BOS Options

NOTE This section is for Boot Orchestration Service (BOS) v2 only.

BOS provides a global service options endpoint for modifying the base configuration of the service itself. These options are available only for the BOS v2 API and only affect v2 functionality.

Viewing the current option values

View the options with the following command:

(ncn-mw#)

cray bos v2 options list --format json

Example output:

{
  "bss_read_timeout": 20,
  "cfs_read_timeout": 20,
  "cleanup_completed_session_ttl": "7d",
  "component_actual_state_ttl": "4h",
  "default_retry_policy": 3,
  "disable_components_on_completion": true,
  "discovery_frequency": 300,
  "hsm_read_timeout": 20,
  "logging_level": "INFO",
  "max_boot_wait_time": 600,
  "max_component_batch_size": 1800,  
  "max_power_off_wait_time": 180,
  "max_power_on_wait_time": 30,
  "pcs_read_timeout": 20,
  "polling_frequency": 60,
  "session_limit_required": false
}

Updating the option values

The values for all BOS global options can be modified with the cray bos v2 options update command.

BOS options details

The following are the BOS global options:

  • bss_read_timeout

    The amount of time in seconds BOS will wait for a response from BSS to a request. After this time, the request will time out. The default is 10 seconds. Note: This option is added in CSM 1.5.3; in earlier versions of CSM 1.5, it is only available as a hotfix.

  • cfs_read_timeout

    The amount of time in seconds BOS will wait for a response from CFS to a request. After this time, the request will time out. The default is 10 seconds. Note: This option is added in CSM 1.5.3; in earlier versions of CSM 1.5, it is only available as a hotfix.

  • cleanup_completed_session_ttl

    Delete complete sessions that are older than cleanup_completed_session_ttl (in hours). 0h disables cleanup behavior.

  • clear_stage

    Allows components staged information to be cleared when the requested staging action has been started.
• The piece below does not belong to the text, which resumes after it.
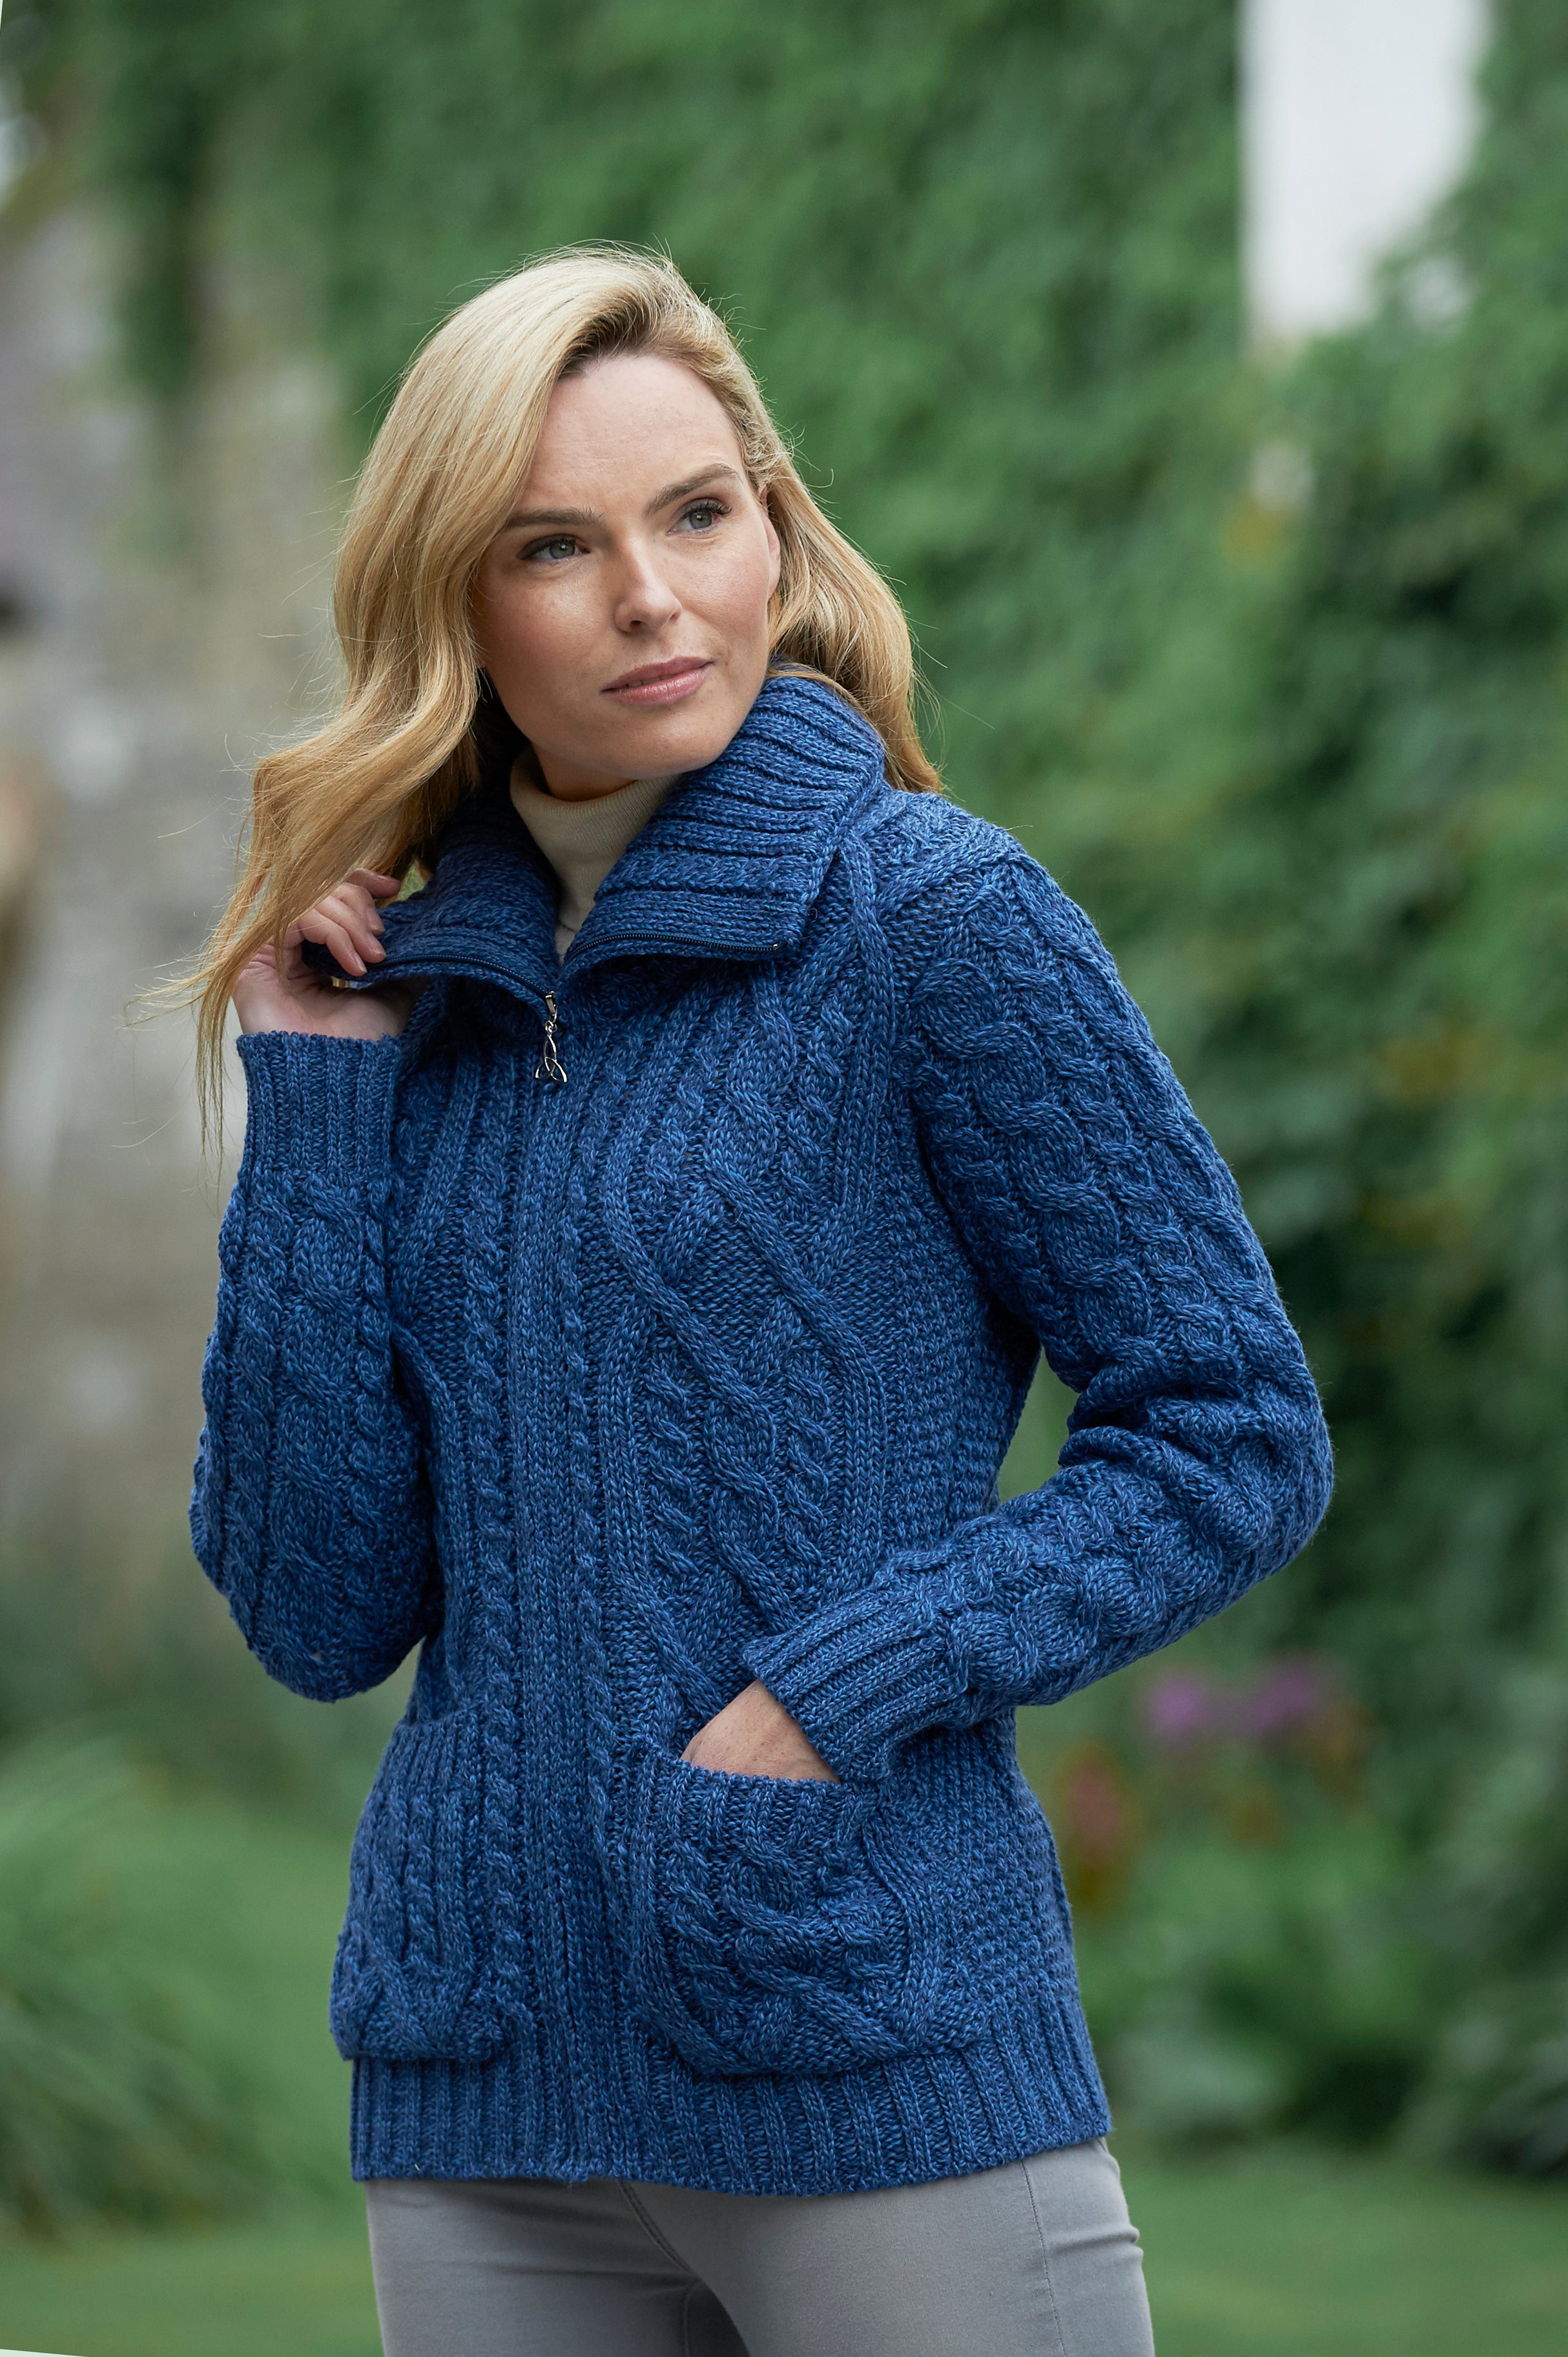 Men's Irish Cowlneck Pullover Sweater - Blue - XX-Large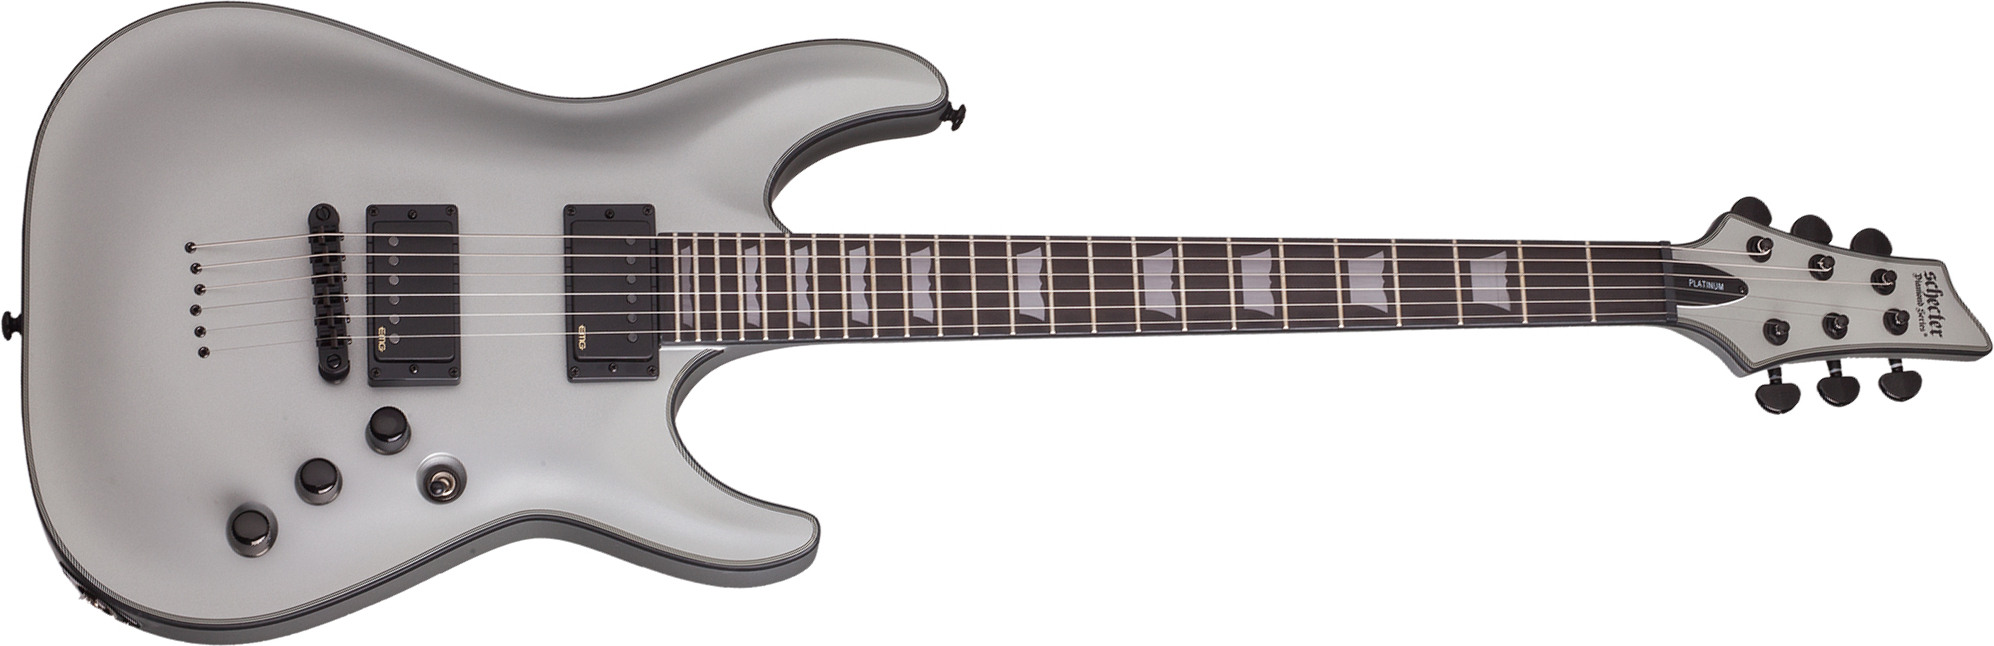 Schecter C-1 Platinum Hh Emg Ht Eb - Satin Silver - Str shape electric guitar - Main picture

Defaults to false.

  • component_actual_state_ttl

    The maximum amount of time a component’s actual_state is considered valid (in hours). 0h disables cleanup behavior for newly booted nodes and instructs bos-state-reporter to report once instead of periodically. BOS relies on a reporter built into the boot image to determine the actual state. If a node boots with a boot image that does not contain a reporter, the node’s actual_state will not be updated and will be incorrect. When the maximum amount of time has been exceeded, BOS clears the actual_state so as to trigger a reboot back into the desired image.

  • default_retry_policy

    The default maximum number of attempts per node for failed actions.

  • disable_components_on_completion

    Determines if a component will be marked as disabled after its desired state matches its current state. If false, BOS will continue to maintain the state of the nodes declaratively. This is an experimental feature and is not fully supported.

  • discovery_frequency

    The frequency with which BOS checks HSM for new components and adds them to the BOS component database.

  • hsm_read_timeout

    The amount of time in seconds BOS will wait for a response from HSM to a request. After this time, the request will time out. The default is 10 seconds. Note: This option is added in CSM 1.5.3; in earlier versions of CSM 1.5, it is only available as a hotfix.

  • logging_level

    The logging level for all BOS services. Valid values for this option are DEBUG, INFO, and WARN.

  • max_boot_wait_time

    How long BOS will wait for a node to boot into a usable state before rebooting it again (in seconds).

  • max_component_batch_size

    The maximum number of components that BOS will group together in a single API request it makes. This can be used to limit the load on other services by forcing BOS to break up its requests into smaller chunks. Note: This option is added in CSM 1.5.3; in earlier versions of CSM 1.5, it is only available as a hotfix.

  • max_power_off_wait_time

    How long BOS will wait for a node to power off before forcefully powering it off (in seconds).

  • max_power_on_wait_time

    How long BOS will wait for a node to power on before calling power on again (in seconds).

  • pcs_read_timeout

    The amount of time in seconds BOS will wait for a response from PCS to a request. After this time, the request will time out. The default is 10 seconds. Note: This option is added in CSM 1.5.3; in earlier versions of CSM 1.5, it is only available as a hotfix.

  • polling_frequency

    How frequently the BOS operators check component state for needed actions (in seconds).

  • session_limit_required

    If enabled, BOS sessions cannot be created without specifying the limit parameter. This can be helpful in avoiding accidental reboots of more components than intended. If this option is enabled, it is still possible to effectively create a session with no limit by specifying * as the limit parameter (if this is done on the command line, it must be quoted it in order to prevent it from being interpreted by the shell). Note: This option is added in CSM 1.5.3; in earlier versions of CSM 1.5, it is only available as a hotfix.